Wednesday, April 17, 2013

Old-Time Duet Recordings by The BriarPickers and Bertram Levy/Kirk Sutphin

My old-time music listening is often focused on the specific tunes I’m trying to learn...either through play along tracks, YouTube videos or field recordings.  No officially-released old-time albums have made their way onto my all-time favorite list yet, although some are starting make an impact.  

I don’t need to hear singing in old-time and actually prefer just straight-up tunes.  When there are lyrics in old-time, I can appreciate that they are usually secular and nonsensical, but to me it’s more “Zen” when it’s strictly instrumental.  So the old-time albums that appeal to me the most are ones where it’s just tunes, no vocals.

The old, scratchy source recordings of fiddlers that others hold so dear are not quite as relevant to me I guess – a tenor banjo plucker.  I suppose I'd rather hear consistent, high-fidelity recordings by more contemporary stewards of the music.  Sacrilege?

I'm looking for something in between those historic recordings of influential, guru fiddlers, and the newer recordings of festival-style string bands like Bigfoot or Light and Hitch that specialize in a driving, rhythmic and muddy concept of old-time.  I'm in search of a more subtle, minimalist, creative approach that captures the harmonics and musical interplay between a couple unison instruments.

That's why I prefer more recent, instrumental, duo recordings of old-time music.  As a plus, I'm open to projects that differ from the classic "fiddle and clawhammer banjo" tandem in favor of more unique combinations of instruments.

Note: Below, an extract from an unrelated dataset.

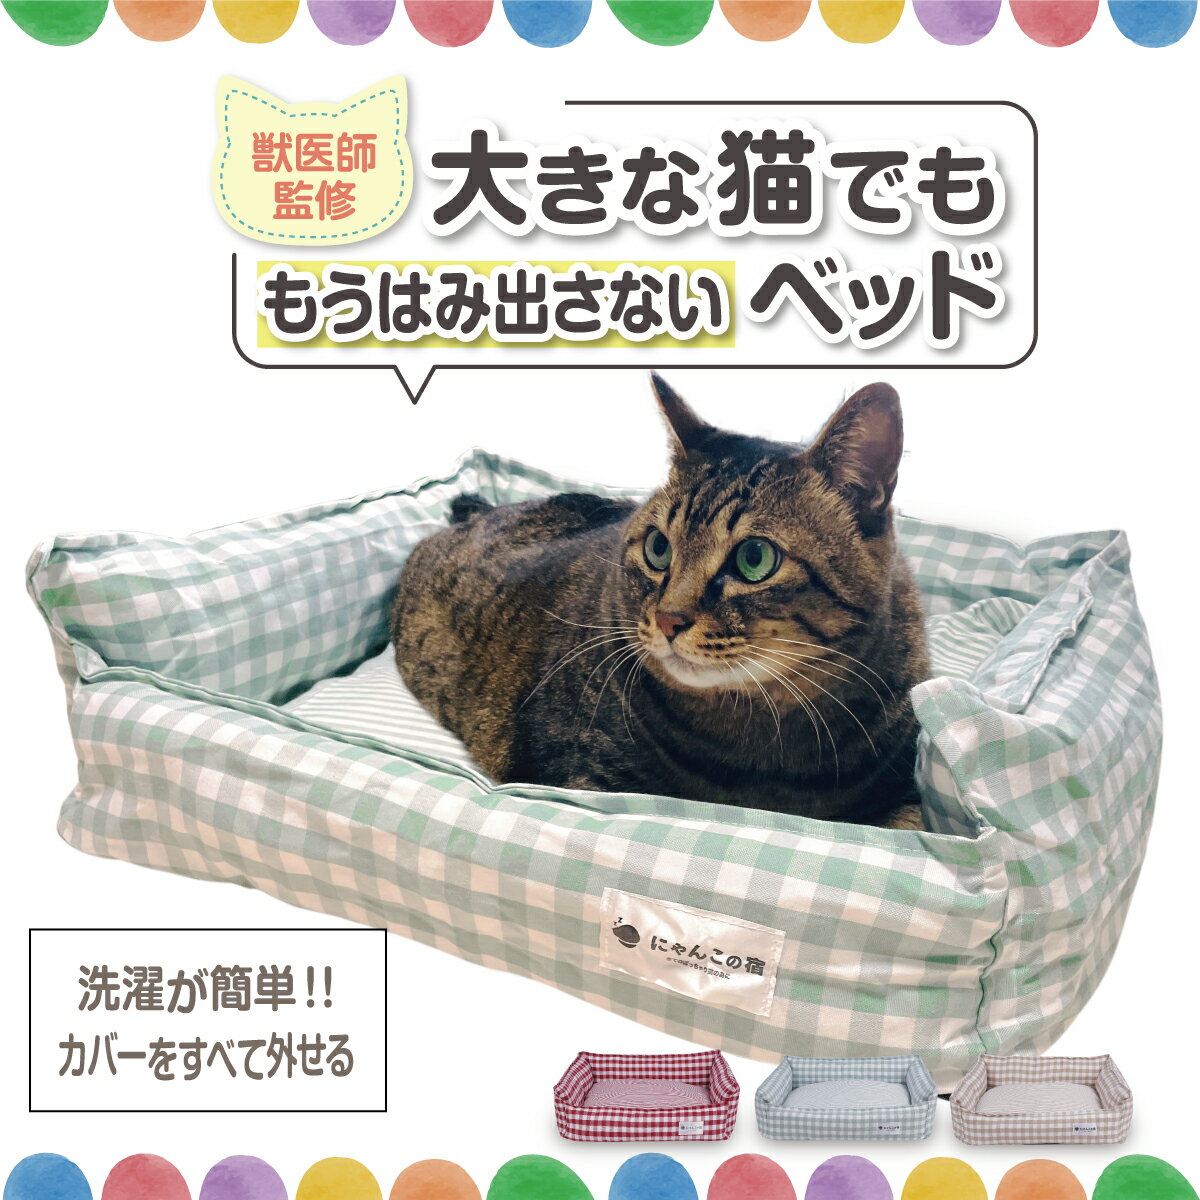 【獣医師監修】【大きな猫でもはみ出さない。洗濯が簡単.カバーをすべて外せる】 猫 ベッド ペットベッド クッション マット にゃんこの宿【猫ちゃんが気に入らなければ全額返金保証】

Two recent albums - Mrs. Maxwell by the BriarPickers and The Bellow and the Bow by Bertram Levy and Kirk Sutphin - as well as one recently rediscovered gem - 2005's Appalachian Mandolin and Dulcimer by the late Butch Baldassari and the late David Schnaufer - meet all the criteria I'm looking for in old-time music.
Mrs. Maxwell is the work of two musicians - Brian Ray on mandolin and Paul Kienitz on fiddle - a home recording done live with no overdubbing.  It's a great selection of old-time tunes interpreted through the challenge and freedom of a mandolin/fiddle duet.  The BriarPickers describe themselves as "Rustic Chamber Music", which is an accurate description of their somewhat refined vision of traditional music.
The Bellow and The Bow is the only old-time album I know of featuring anglo-concertina as one of the lead instruments. The concertina is played by old-time music veteran Bertram Levy, also a distinguished stringed instrument player who, in this case, focuses on "a bunch of harmonicas in a box with buttons". Levy is joined by Kirk Sutphin, a leading reincarnator of the Tommy Jarrell style of fiddling and the Fred Cockerman or Charlie Poole style of banjo playing. What you have is meticulously authentic southern fiddle or banjo playing paired with concertina. Good stuff.
Finally, in search of another potential favorite old-time album, I went back through my iTunes to re-discover Appalachian Mandolin and Dulcimer by Butch Baldassari and David Schnaufer. Sadly, both of these musicians have passed away since this was released in 2005, but this remains an important reminder of the potential for expression within the traditional music of the Appalachian Mountains. Like the other two albums mentioned here, this is just straight-ahead live playing. David Schnaufer described the CD as..."a musical conversation performed on vintage and contemporary instruments in settings to showcase the rare archaic harmonies of these lonesome and eternal themes".

Those are three examples of old-time albums that have begun to strike a chord and resonate with me.  There's more I could mention and I hope to discover more as time goes on.  Got any suggestions???